Every so often, I see someone get irritated that “can I see that?” tends to mean “may I hold that while I look at it?” Given how common this is, and how natural it seems to me to want to hold something while I examine it, I wonder if there is an underlying reason behind it.
Seeing some of the pictures in a recent blog post by Google’s research team, I wonder if that reason may be related to how “quickly” we learn to recognise new objects — quickly in quotes, because we make “one observation” while a typical machine-learning system may need thousands of examples to learn from — what if we also need a lot of examples, but we don’t realise that we need them because we’re seeing them in a continuous sequence?
Human vision isn’t as straightforward as a video played back on a computer, but it’s not totally unreasonable to say we see things “more than once” when we hold them in our hands — and, crucially, if we hold them while we do so we get to see those things with additional information: the object’s distance and therefore size comes from proprioception (which tells us where our hand is), not just from binocular vision; we can rotate it and see it from multiple angles, or rotate ourselves and see how different angles of light changes its appearance; we can bring it closer to our eyes to see fine detail that we might have missed from greater distance; we can rub the surface to see if markings on the surface are permanent or temporary.
So, the hypothesis (conjecture?) is this: humans need to hold things to look at them properly, just to gather enough information to learn what it looks like in general rather than just from one point of view. Likewise, machine learning systems seem worse than they are for lack of capacity to create realistic alternative perspectives of the things they’ve been tasked with classifying.
Not sure how I’d test both parts of this idea.
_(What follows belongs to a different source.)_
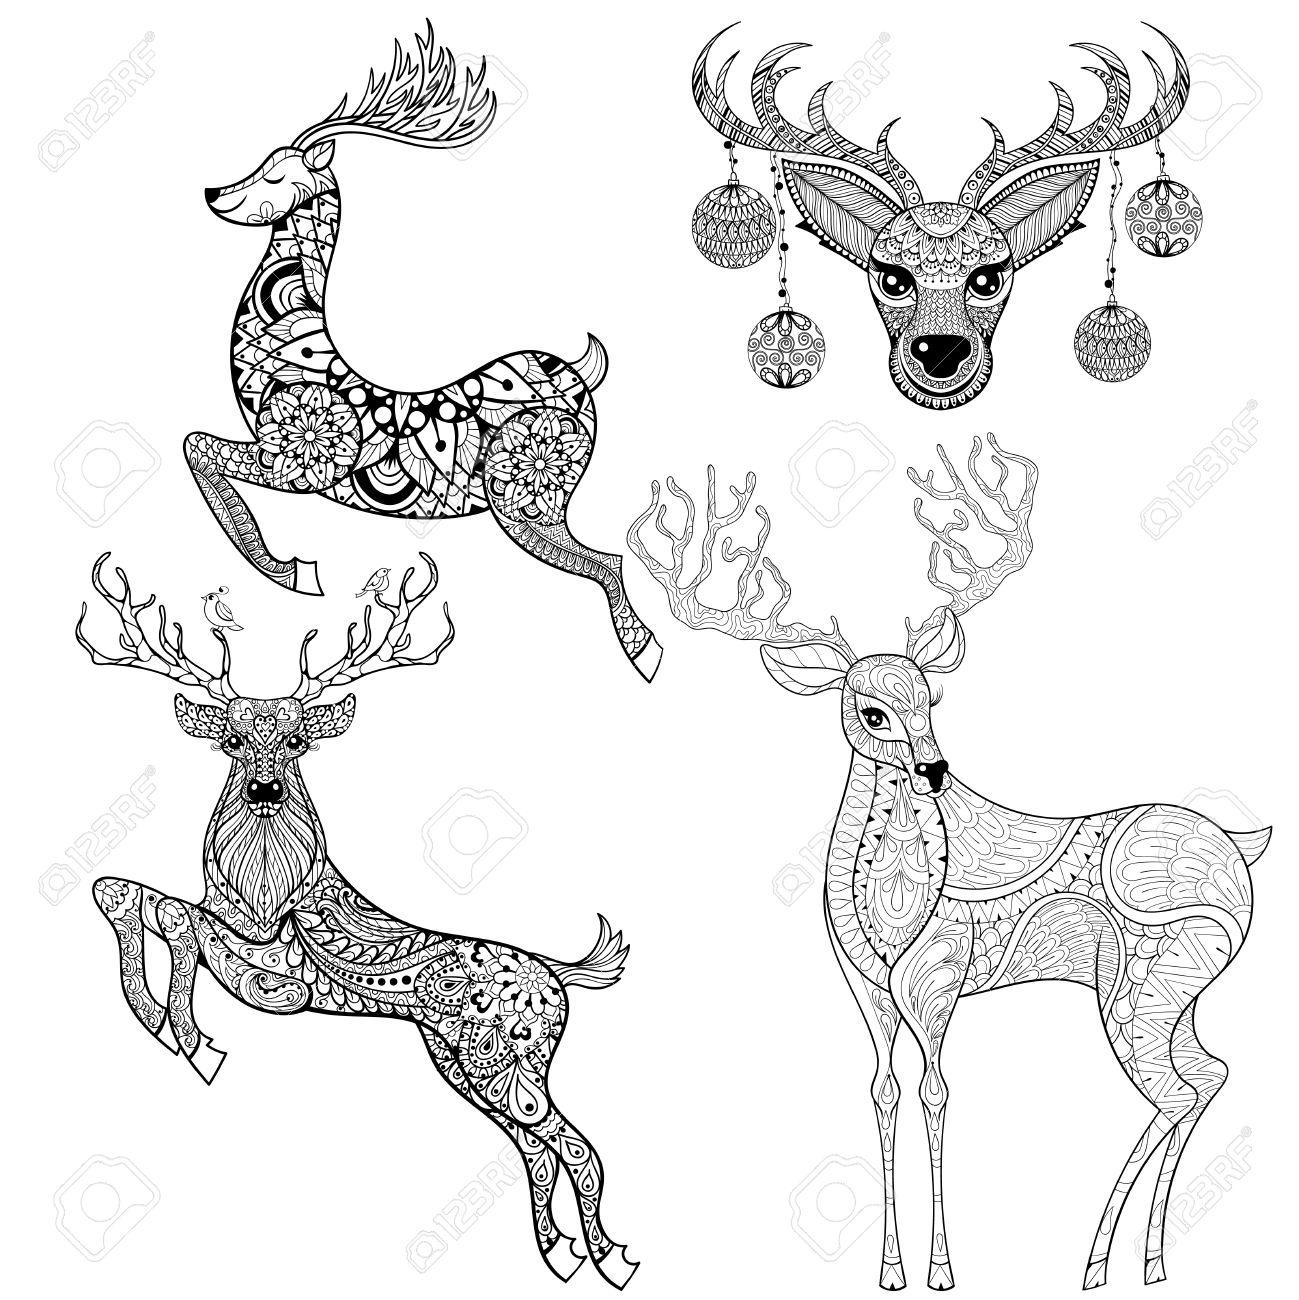 Dibujo Reno Navideo. Dibujos Para Colorear Navidad Animales Dibujo ...

A combination of robot arm, camera, and machine learning system that manipulates an object it’s been asked to learn to recognise is the easy part; but when testing the reverse in humans, one would need to show them a collection of novel objects, half of which they can hold and the other half of which they can only observe in a way that actively prevents them from seeing multiple perspectives, and then test their relative abilities to recognise the objects in each category.